The minimum required set, in my opinion: pressure in the columns at each significant phase (adsorption, discharge, purging), temperature in the upper and lower parts of the adsorber (from which you can indirectly judge the adsorption front and the completeness of regeneration), and, of course, analysis of the product at the outlet (at least a chromatograph or laser dew point analyzer). They often save on temperature sensors, but in vain. I saw how the temperature curve in the middle part of the column clearly determined the moment of moisture breakthrough, even before it was recorded by the analyzer at the outlet. This made it possible to flexibly adjust the cycle duration in real time, depending on the load and humidity of the raw material, saving both energy and the resource of the adsorbent.

But there are pitfalls here too. An overly complex control system, with a bunch of sensors and a complex algorithm, can become a headache for maintenance personnel. If the operator does not understand the logic of the system, he will not be able to properly respond to a failure or perform scheduled maintenance. Therefore, the ideal system is a balance between a sufficient degree of automation and transparency and understandability of the process for the engineer on site.

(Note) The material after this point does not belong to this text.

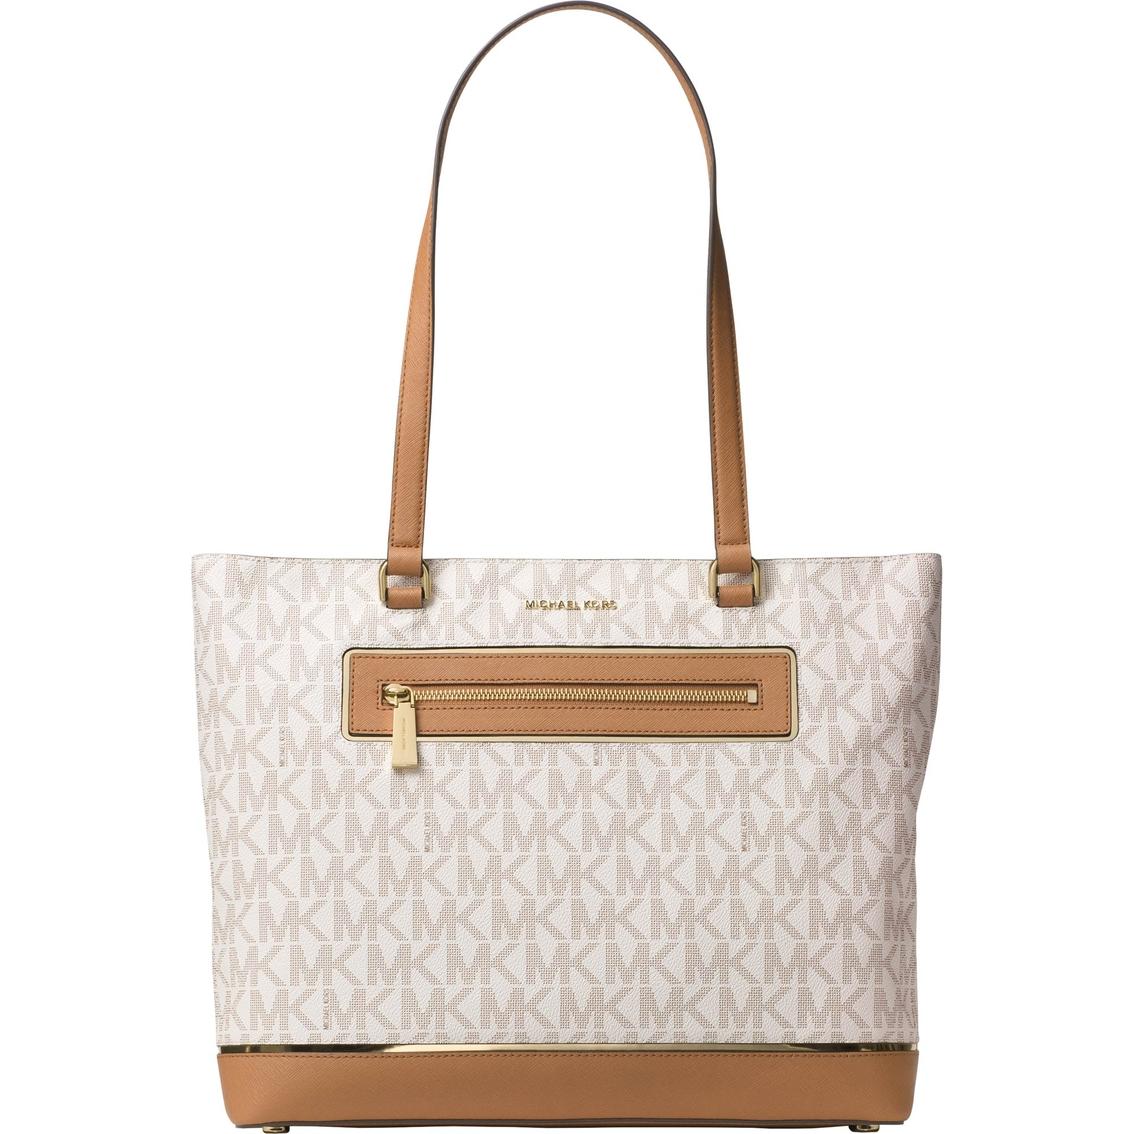 6deb1bd36be5 Michael Kors Frame Out Item Large North South Tote   Handbags   Shop ...

A look from inside the industry: project experience

Working in this field, you constantly come across different approaches. Some rely on highly reliable but expensive imported equipment. Someone is trying to localize everything from the adsorbent to the control systems. It is interesting to watch the development of Chinese companies in this segment. They have gone from copying to creating completely independent, competitive solutions. Let's take for exampleChengdu Yizhi Technology Co.- this is a design institute created on the basis of Chengdu Huaxi Chemical Technology. They have serious experience in chemical technology behind them, and you can feel it.

Take a look at their websiteyzkjhx.ru– it is clear that they do not just sell boxes with the PSA inscription, but offer design solutions. This is important. Because there are almost no typical tasks. The composition of the gas, the required purity of the product, the availability of energy resources for regeneration - everything is different. We need individual calculations, modeling, selection of exactly the combination of cycle phases, pressure and sorbent that will give the maximum economic effect for a specific customer.

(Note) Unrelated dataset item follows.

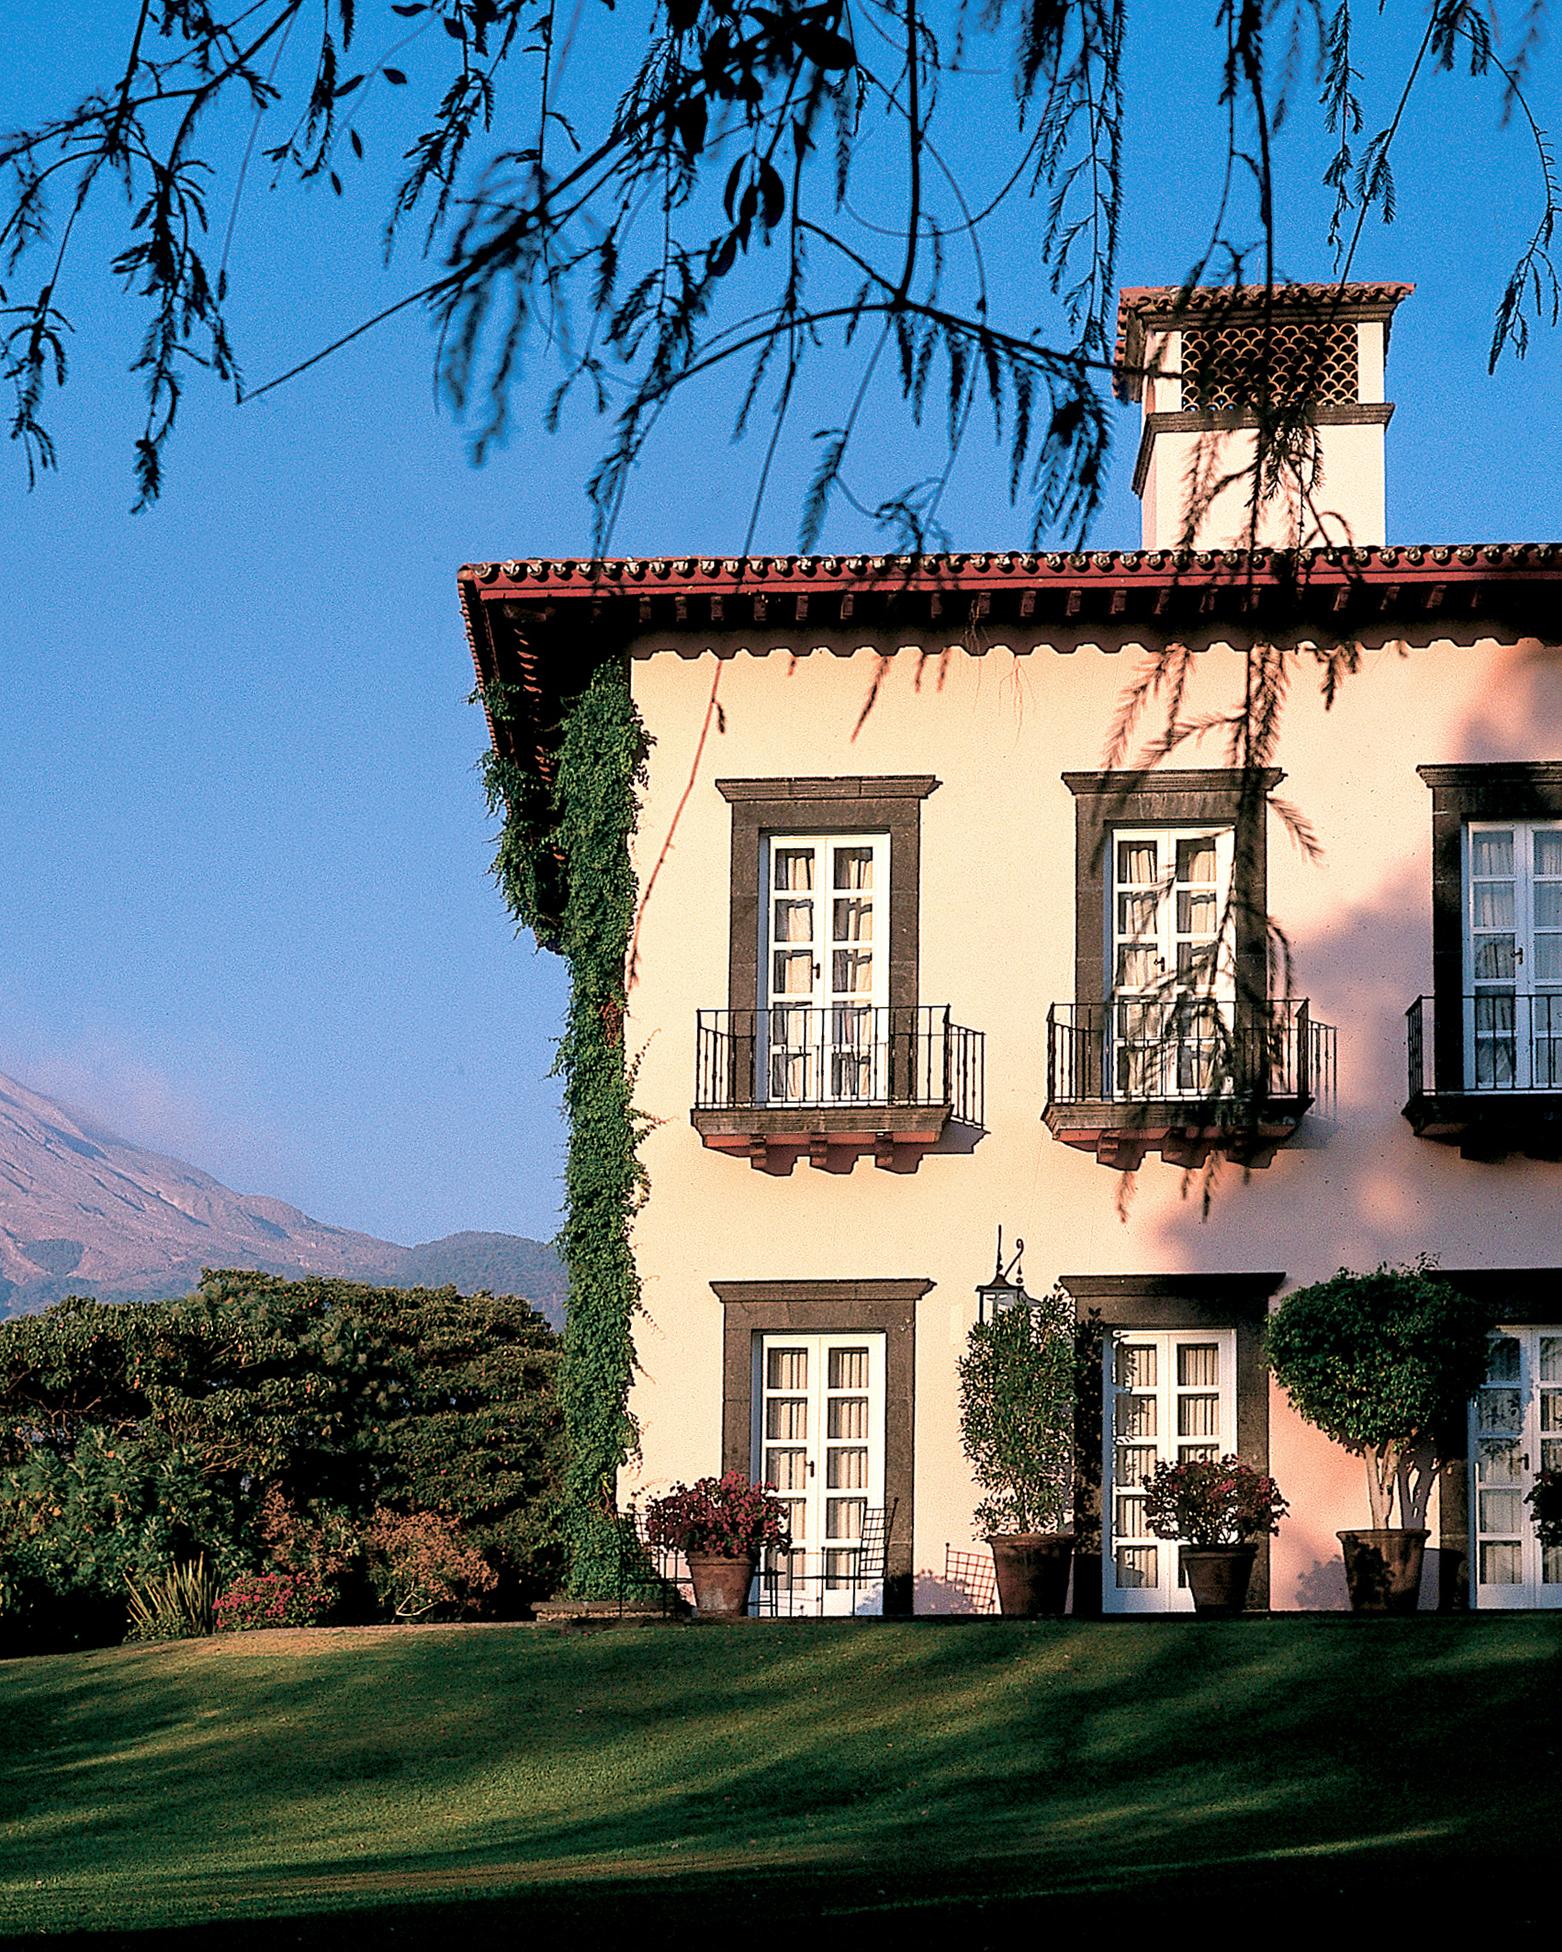 hacienda-de-san-antonio-mexico-mwd1011mmsmith.jpg

Their approach, as I understand it from the experience of collaborations, is based on a deep study of the technological scheme. You can't just take a drawing from a previous project and scale it. They seem to pay a lot of attention to dynamic process modeling in order to predict the behavior of the plant when conditions change. This is what separates a mature player from a picker. Of course, the registered capital of 120 million yuan is not a guarantee of the success of every project, but it is an indicator of serious intentions and resources for research and testing.

In the endpressure swing adsorption removal– this is a living, developing method. There is no one correct formula. There are basic principles, but success is determined by attention to hundreds of small details: from the quality of the weld on the adsorber to the logic in the programmable controller. And most importantly, an understanding of what you share, why and under what conditions. Without this, any installation, even the most expensive one, will be just hardware consuming energy.